== Work to complete ==
All that is needed is the line containing "New to the market, spacious" and the lines after it to the end of the material, written out exactly, pictures left aside.

== Raw data ==

-----

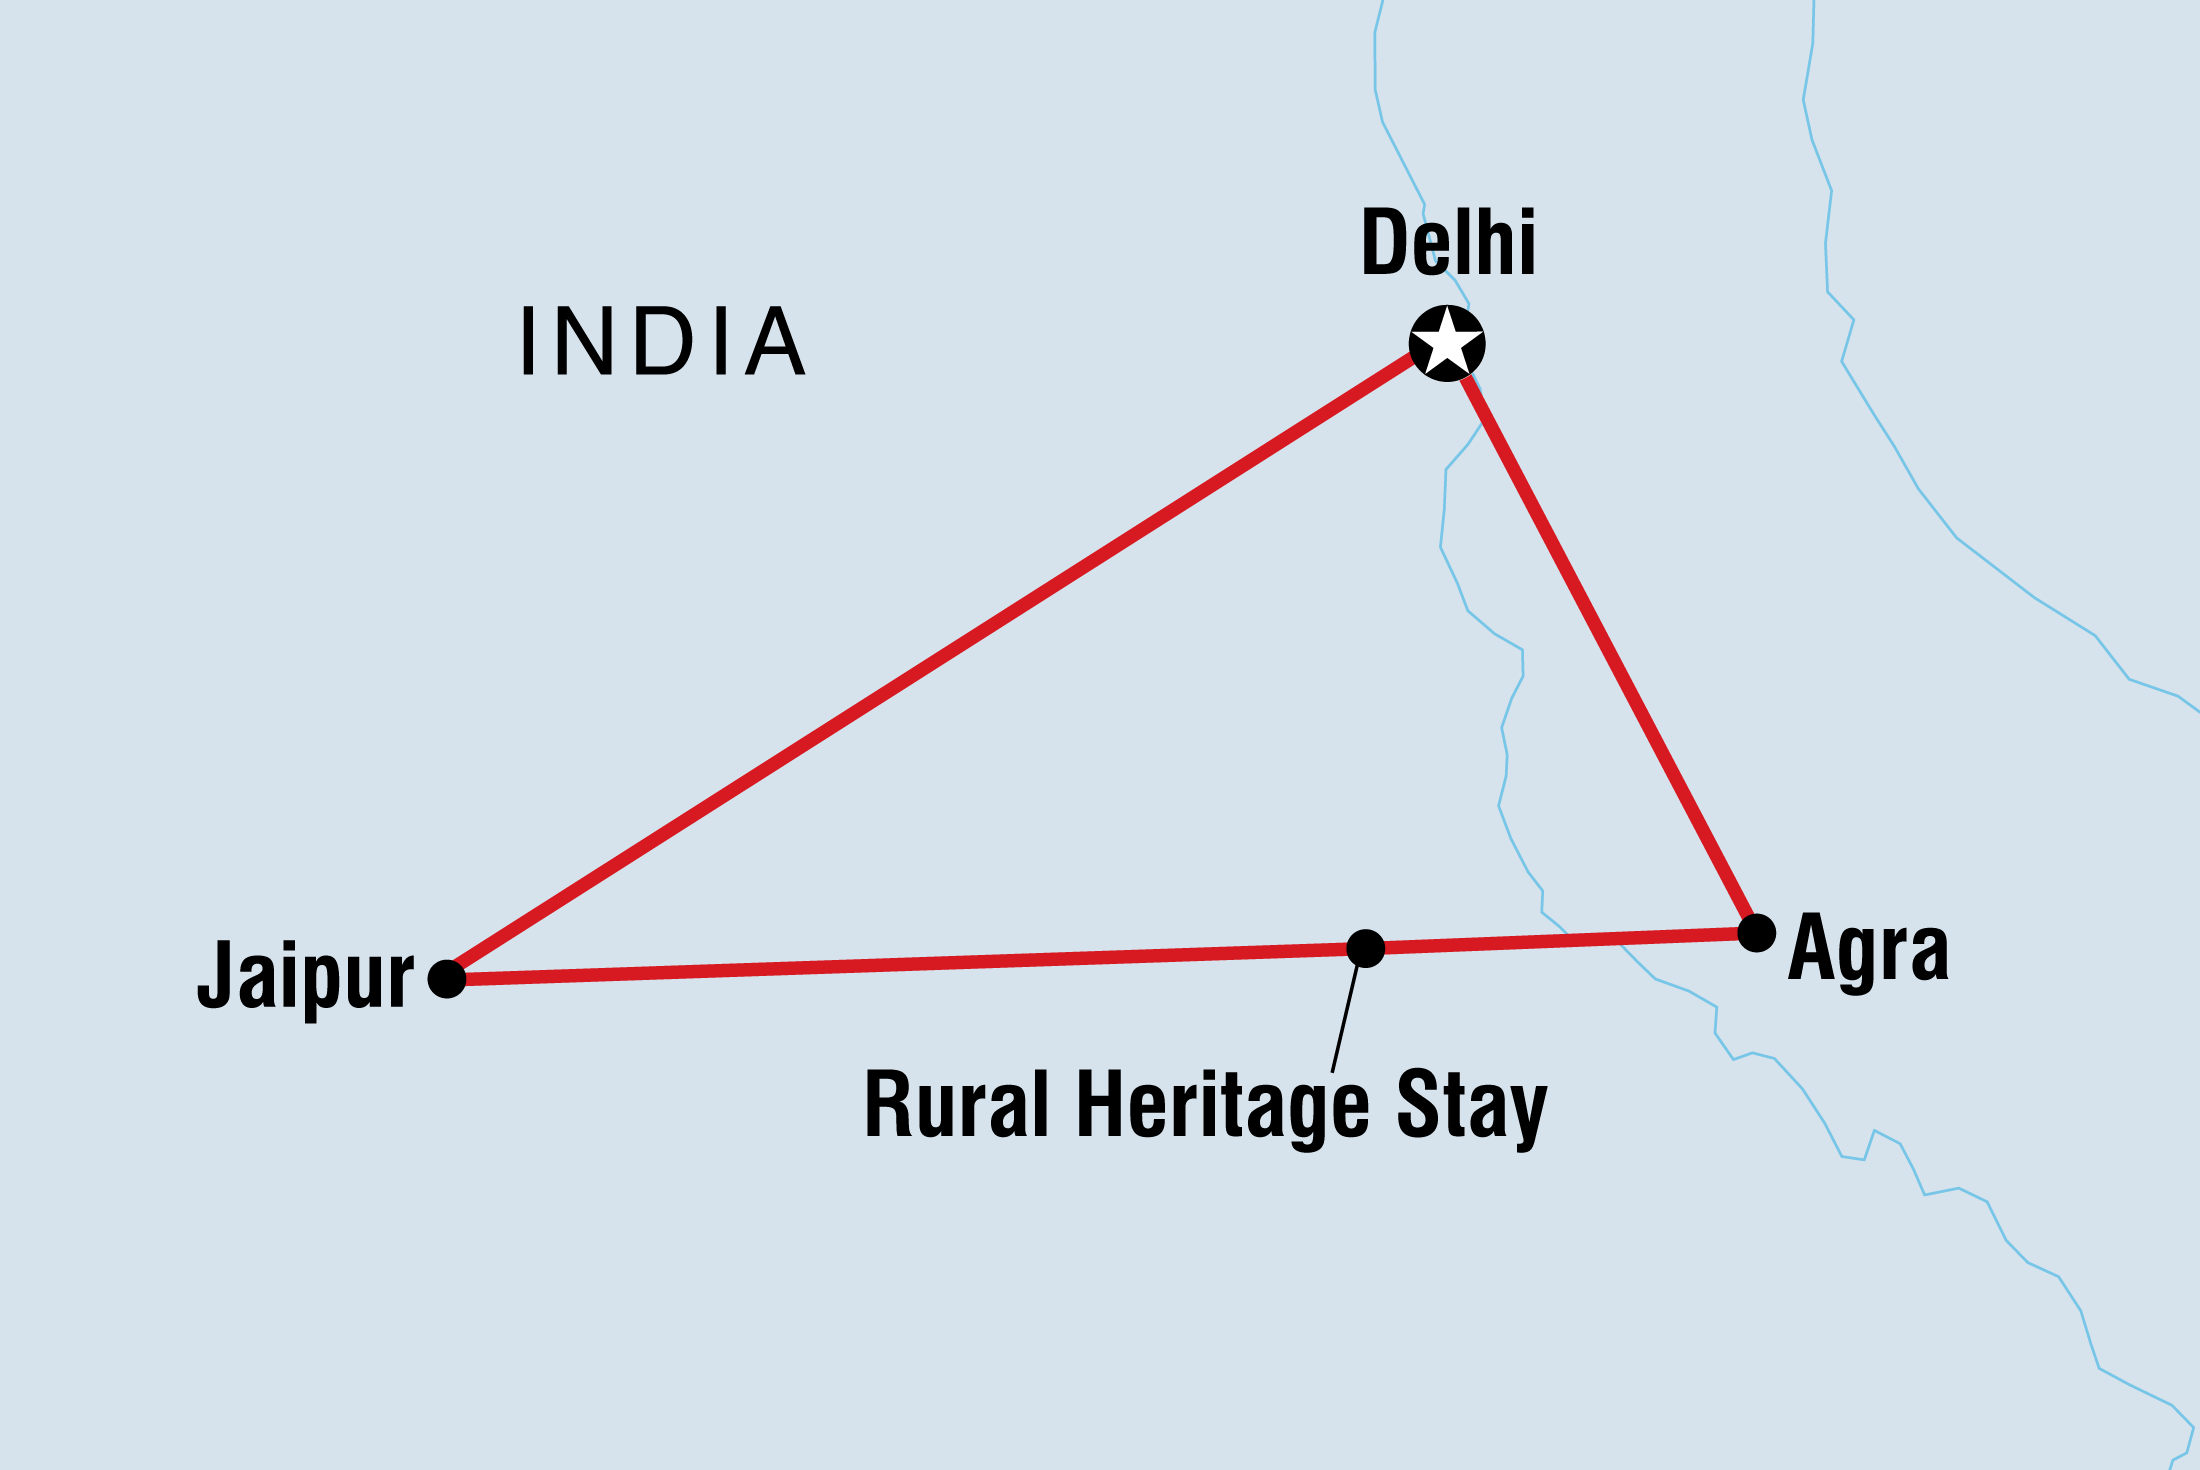 India's Golden Triangle
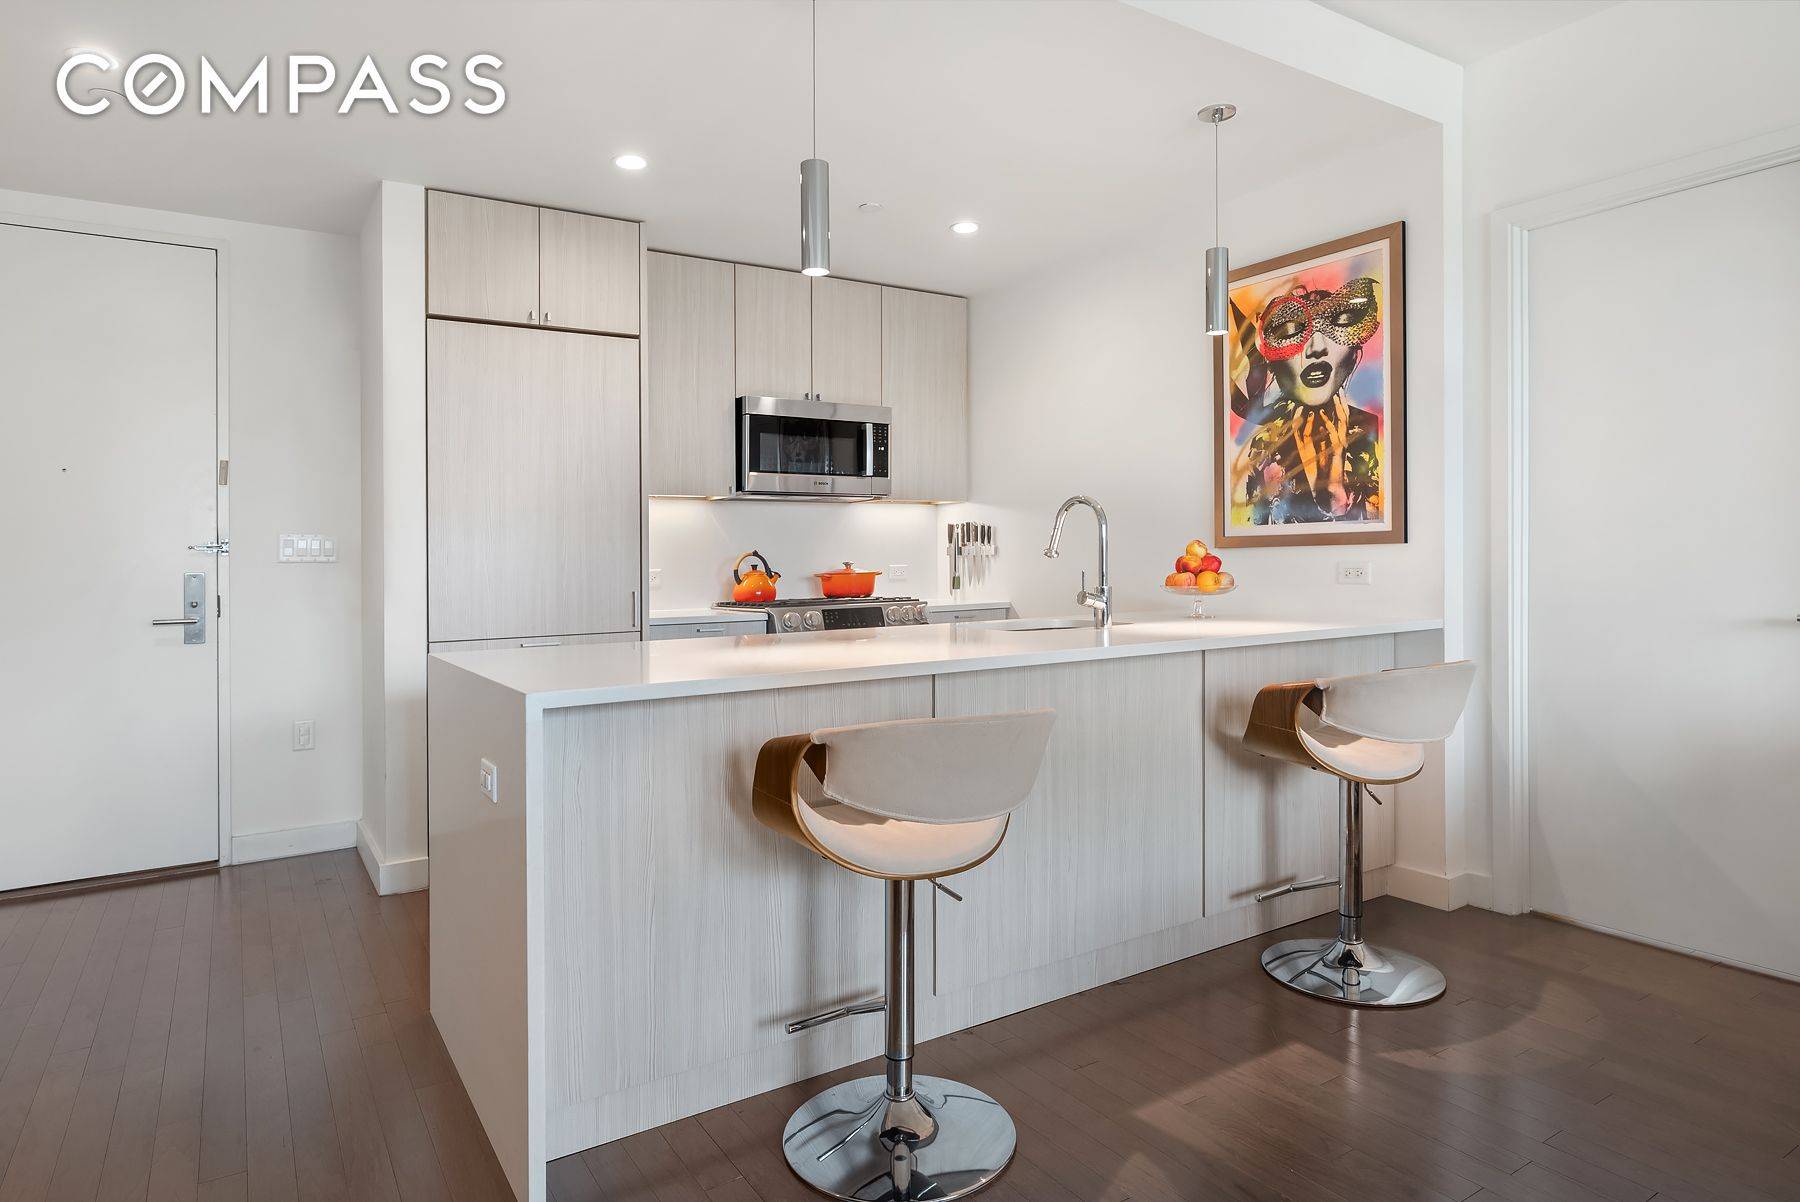 New to the market, spacious 2BR 2BA condo with storage and tax abatement overlooking Manhattan from picture windows in every room plus a 125 sq ft.
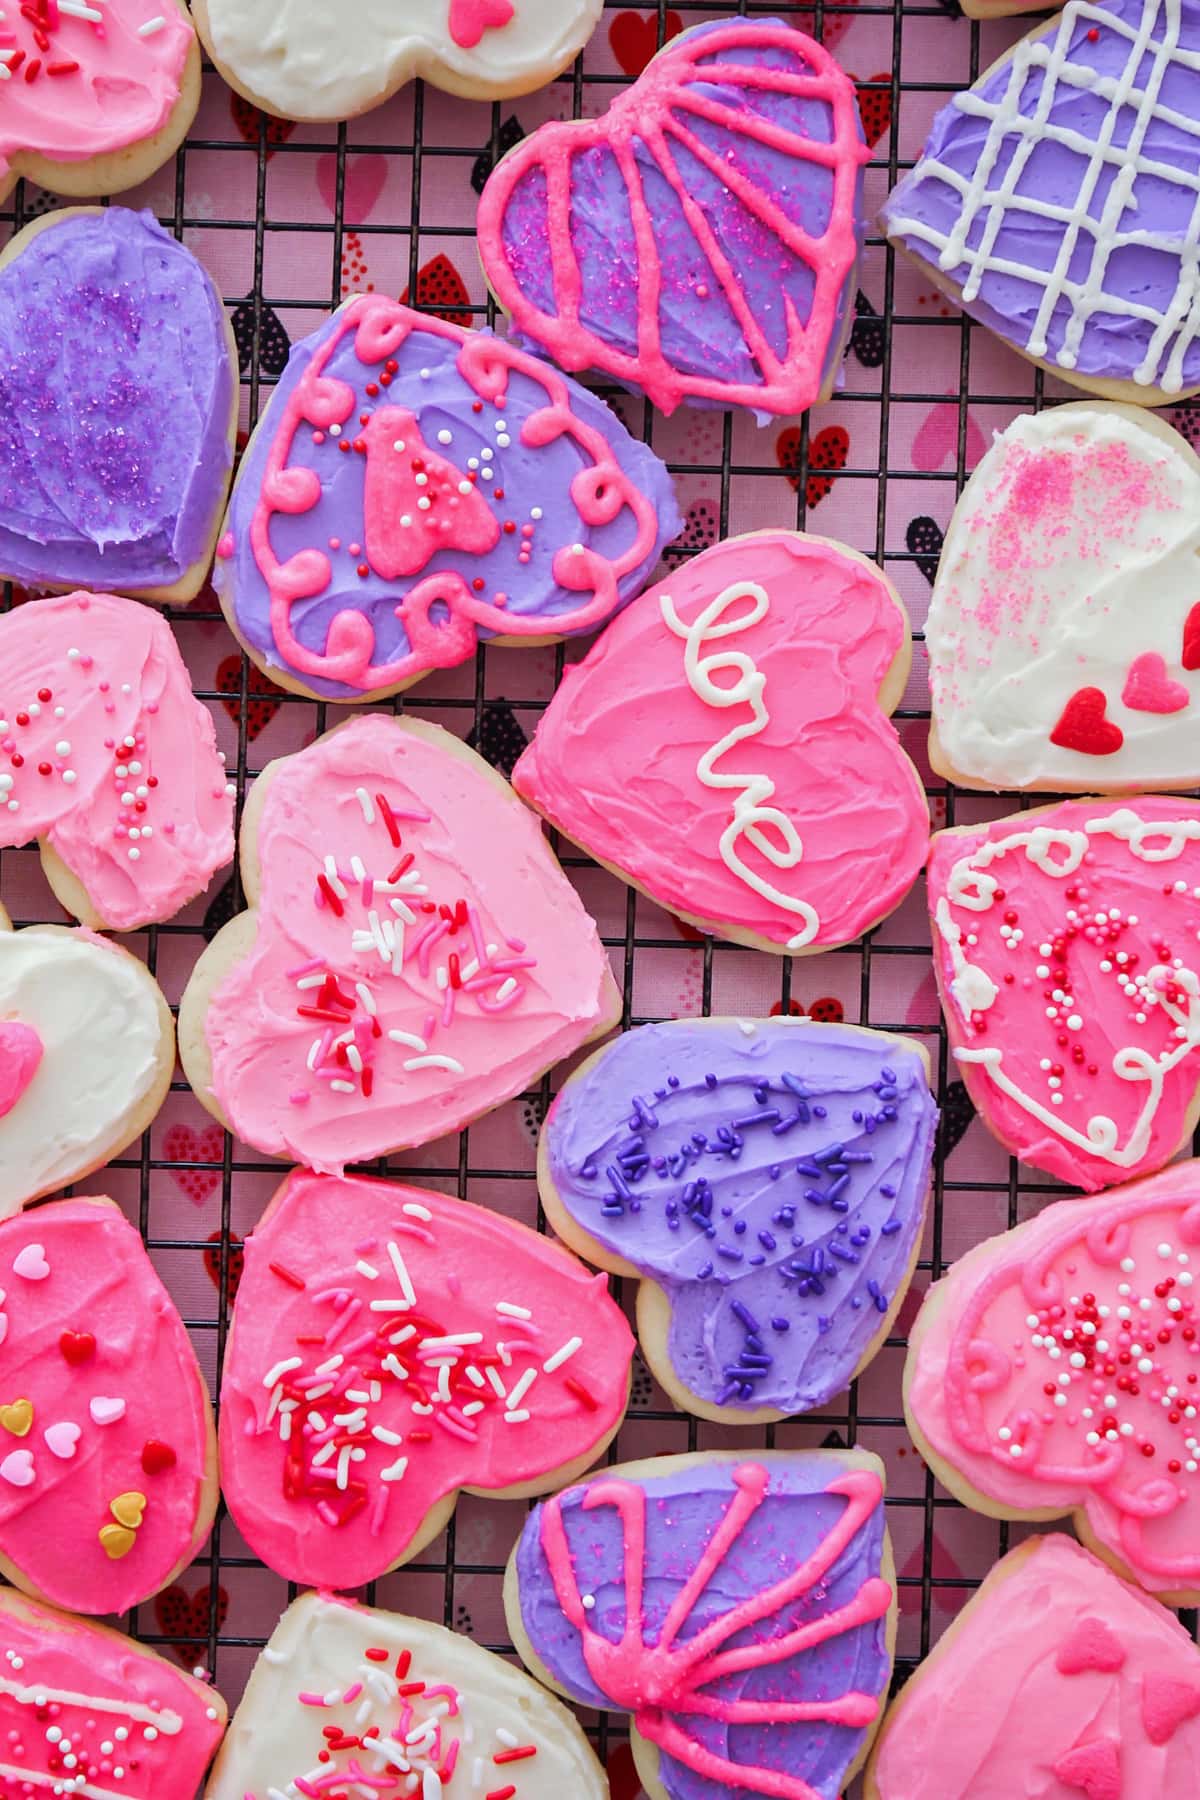 Frosted Valentine Sugar Cookies on wire rack.

-----

== Written answer ==
 New to the market, spacious 2BR 2BA condo with storage and tax abatement overlooking Manhattan from picture windows in every room plus a 125 sq ft.
 Frosted Valentine Sugar Cookies on wire rack.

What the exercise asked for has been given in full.